The strong buying post the pandemic-led selloff has put many Canadian stocks out of investors’ reach. However, plenty of top TSX stocks are still trading cheap and are priced under $50. So if you have $5,000, consider adding these stocks to your portfolio today.
The first stock is Goodfood Market (TSX:FOOD). Shares of this online grocery services provider have witnessed a healthy pullback and are down about 23.2% on a year-to-date basis. Besides trading at an attractive price, Goodfood Market offers high-growth and has solid growth catalysts that could push its stock higher in the long run.
The growing adoption of online grocery services and increased spending on e-commerce platform provides a solid base for growth. Meanwhile, targeted marketing, growing product selections, strong competitive positioning, and focus on reducing delivery time are expected to drive its active subscriber base, order frequency, and basket size.
Sticking with high-growth companies, Absolute Software (TSX:ABT)(NASDAQ:ABST) is another solid long-term bet that is trading cheap. Acceleration in annual recurring revenues and solid adjusted EBITDA could support the uptrend in Absolute Software stock. Furthermore, a large addressable market and increased spending on cybersecurity threats augur well for future growth.
I believe its accelerating revenue growth, high retention rate, debt-free balance sheet, and channel and geographic expansion provide a solid underpinning for growth. Furthermore, cross-selling opportunities and new products could further support its growth and drive its stock higher.
Dye & Durham
The third stock is Dye & Durham (TSX:DND). It has appreciated significantly in value since listing on the exchange in July last year. Despite the rally, Dye & Durham stock has further upside, thanks to the continued momentum in the base business and its ability to accelerate its growth through strategic acquisitions.
I expect Dye & Durham’s revenue and adjusted EBITDA to continue to grow rapidly, reflecting benefits from acquisitions and geographic expansion. Furthermore, its large and diversified active customer base, low churn rate, long-term contracts with major customers, and robust M&A pipeline support my bullish view and provide a solid base for outsized growth.
Algonquin Power & Utilities
Next on my list is Algonquin Power & Utilities (TSX:AQN)(NYSE:AQN) stock. The company owns a low-risk business that delivers high-quality earnings and stellar cash flows. The company expects its rate base to grow at a double-digit rate in the coming years, which is likely to boost its adjusted EBITDA and earnings significantly.
Further, its rate-regulated assets and long-term contractual arrangements add visibility over its future cash flows. Algonquin Power & Utilities has raised its dividend at a compound annual growth rate (CAGR) of 10% in the last 11 years. I expect the company to continue to boost its shareholders’ value through higher dividend payments.
The fifth stock on my list is Telus (TSX:T)(NYSE:TU).

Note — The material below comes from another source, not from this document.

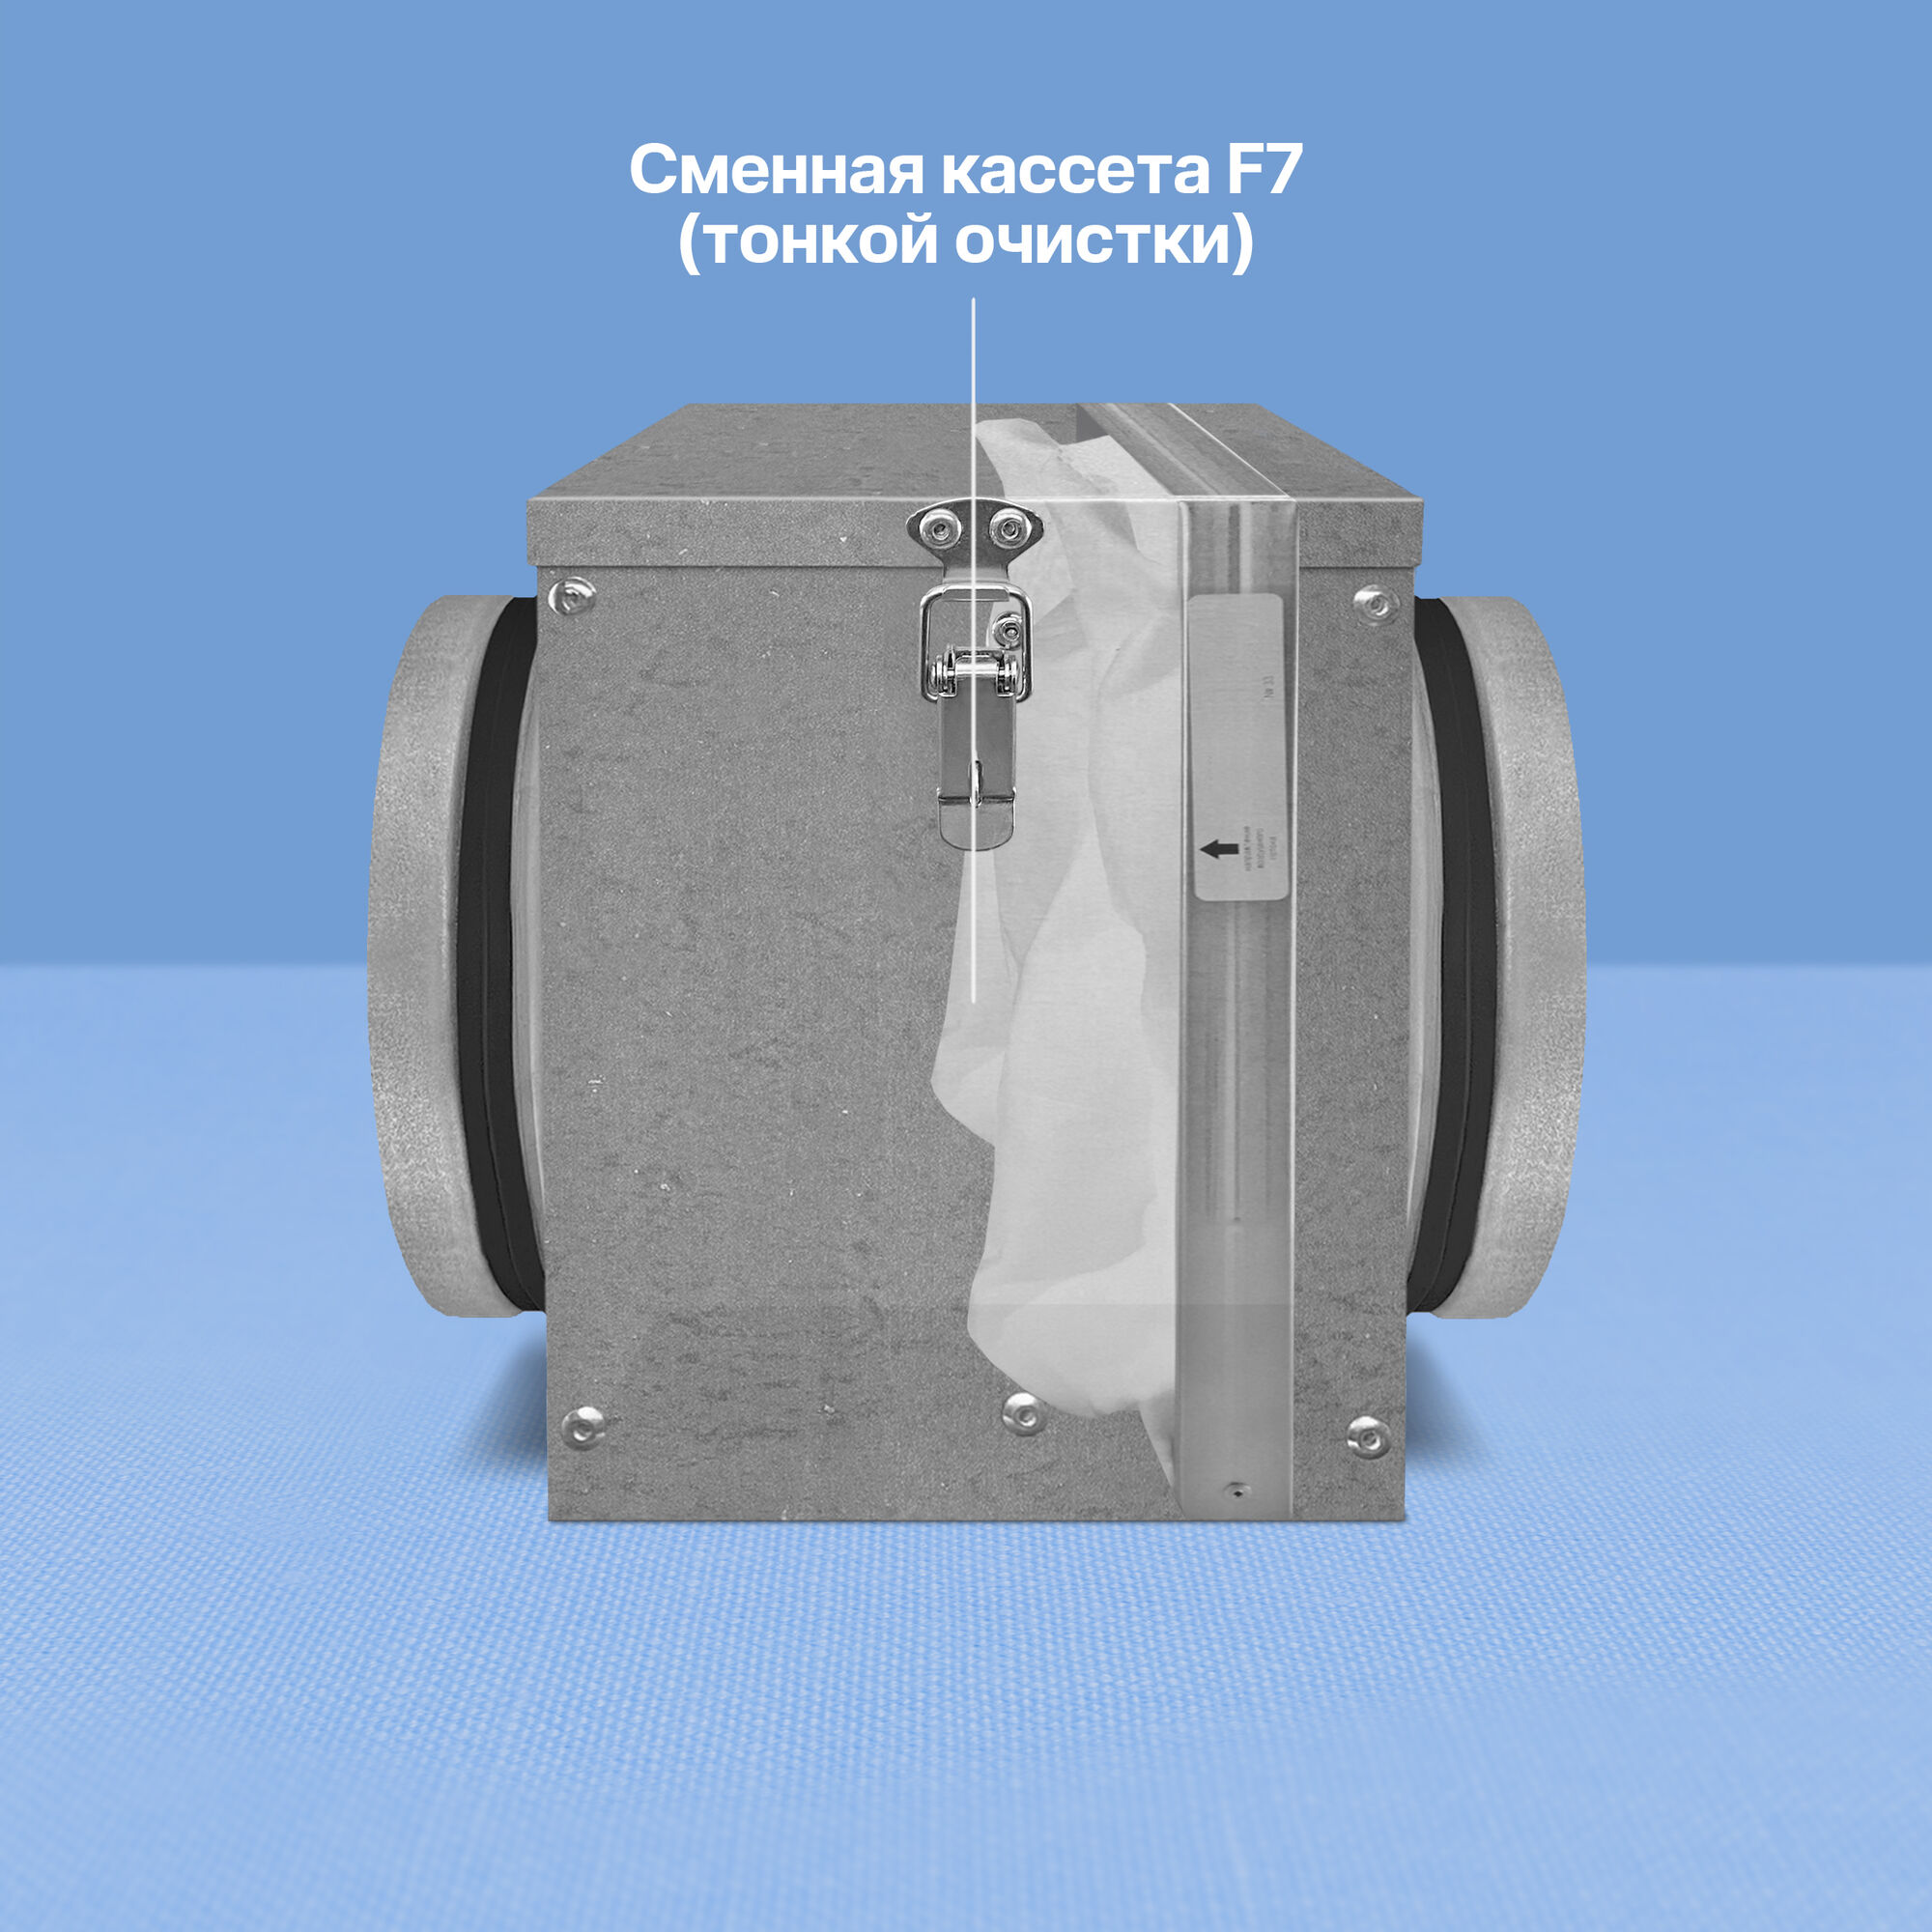 Фильтр компактный 315 (с кассетой F7) 2

The telecom company could deliver solid returns on the back of its solid investments in broadband networks. Telus consistently generates profitable growth and continues to add new subscribers to its wireless businesses, which should favour the stock.
I believe strong net adds, investments in the 5G network and PureFibre, and strategic acquisitions position it well to deliver strong financial and operating performances in the coming years. Also, Telus could continue to reward its shareholders through increased dividend payments and share buybacks.